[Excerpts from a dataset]
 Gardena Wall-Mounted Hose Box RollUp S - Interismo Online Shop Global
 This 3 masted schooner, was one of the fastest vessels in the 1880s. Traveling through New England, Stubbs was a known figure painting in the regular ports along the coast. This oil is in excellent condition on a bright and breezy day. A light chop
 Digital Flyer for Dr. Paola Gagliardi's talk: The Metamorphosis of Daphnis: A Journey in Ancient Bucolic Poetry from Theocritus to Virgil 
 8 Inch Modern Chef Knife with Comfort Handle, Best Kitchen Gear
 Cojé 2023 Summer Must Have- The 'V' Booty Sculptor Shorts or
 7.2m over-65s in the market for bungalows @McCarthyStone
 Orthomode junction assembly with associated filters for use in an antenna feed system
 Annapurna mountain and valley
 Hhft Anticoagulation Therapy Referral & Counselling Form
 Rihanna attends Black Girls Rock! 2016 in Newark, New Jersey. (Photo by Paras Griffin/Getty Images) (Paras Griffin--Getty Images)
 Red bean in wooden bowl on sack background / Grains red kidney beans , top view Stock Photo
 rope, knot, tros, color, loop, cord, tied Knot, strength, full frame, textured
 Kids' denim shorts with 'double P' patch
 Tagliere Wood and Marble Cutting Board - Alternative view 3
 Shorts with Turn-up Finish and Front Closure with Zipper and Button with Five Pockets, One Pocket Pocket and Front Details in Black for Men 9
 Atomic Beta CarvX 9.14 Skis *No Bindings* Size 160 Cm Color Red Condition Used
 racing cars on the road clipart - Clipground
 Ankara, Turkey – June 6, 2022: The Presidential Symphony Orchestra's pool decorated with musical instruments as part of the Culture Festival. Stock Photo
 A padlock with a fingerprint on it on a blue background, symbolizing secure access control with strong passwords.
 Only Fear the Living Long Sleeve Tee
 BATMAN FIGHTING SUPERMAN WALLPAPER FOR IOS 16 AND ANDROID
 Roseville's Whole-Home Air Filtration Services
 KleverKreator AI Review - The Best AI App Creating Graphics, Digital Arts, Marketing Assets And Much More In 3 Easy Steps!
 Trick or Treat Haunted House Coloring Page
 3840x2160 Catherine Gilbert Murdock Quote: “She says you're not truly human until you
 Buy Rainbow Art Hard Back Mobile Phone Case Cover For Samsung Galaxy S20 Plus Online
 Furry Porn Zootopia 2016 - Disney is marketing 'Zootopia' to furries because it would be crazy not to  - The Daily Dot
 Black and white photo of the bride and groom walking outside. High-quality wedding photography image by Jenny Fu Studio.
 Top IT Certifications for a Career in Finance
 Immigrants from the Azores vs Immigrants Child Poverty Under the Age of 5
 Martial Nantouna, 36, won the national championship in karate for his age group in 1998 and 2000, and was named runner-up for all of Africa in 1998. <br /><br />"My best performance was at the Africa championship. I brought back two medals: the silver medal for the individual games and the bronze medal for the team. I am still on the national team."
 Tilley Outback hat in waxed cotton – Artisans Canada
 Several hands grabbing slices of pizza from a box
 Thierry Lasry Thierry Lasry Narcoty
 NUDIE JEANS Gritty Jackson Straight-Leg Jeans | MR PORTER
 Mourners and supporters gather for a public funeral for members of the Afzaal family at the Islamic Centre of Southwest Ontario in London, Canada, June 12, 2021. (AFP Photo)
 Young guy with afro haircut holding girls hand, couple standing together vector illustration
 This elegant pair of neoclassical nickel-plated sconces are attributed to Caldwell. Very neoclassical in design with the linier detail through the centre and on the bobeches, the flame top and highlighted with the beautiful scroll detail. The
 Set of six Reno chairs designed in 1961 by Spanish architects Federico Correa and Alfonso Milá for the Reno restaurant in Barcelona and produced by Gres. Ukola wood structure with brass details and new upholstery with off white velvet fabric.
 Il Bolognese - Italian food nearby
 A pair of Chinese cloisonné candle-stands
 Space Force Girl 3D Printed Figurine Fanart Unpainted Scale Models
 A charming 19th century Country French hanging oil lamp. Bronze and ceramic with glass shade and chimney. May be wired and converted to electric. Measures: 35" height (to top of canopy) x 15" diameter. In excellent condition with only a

• **Aim of the exercise**
Starting at the line that contains "Trick or Treat Haunted House Coloring Page" and stopping after the line that contains "Furry Porn Zootopia", write out every line exactly as it appears above, and no other line.

• **Result below**
 Trick or Treat Haunted House Coloring Page
 3840x2160 Catherine Gilbert Murdock Quote: “She says you're not truly human until you
 Buy Rainbow Art Hard Back Mobile Phone Case Cover For Samsung Galaxy S20 Plus Online
 Furry Porn Zootopia 2016 - Disney is marketing 'Zootopia' to furries because it would be crazy not to  - The Daily Dot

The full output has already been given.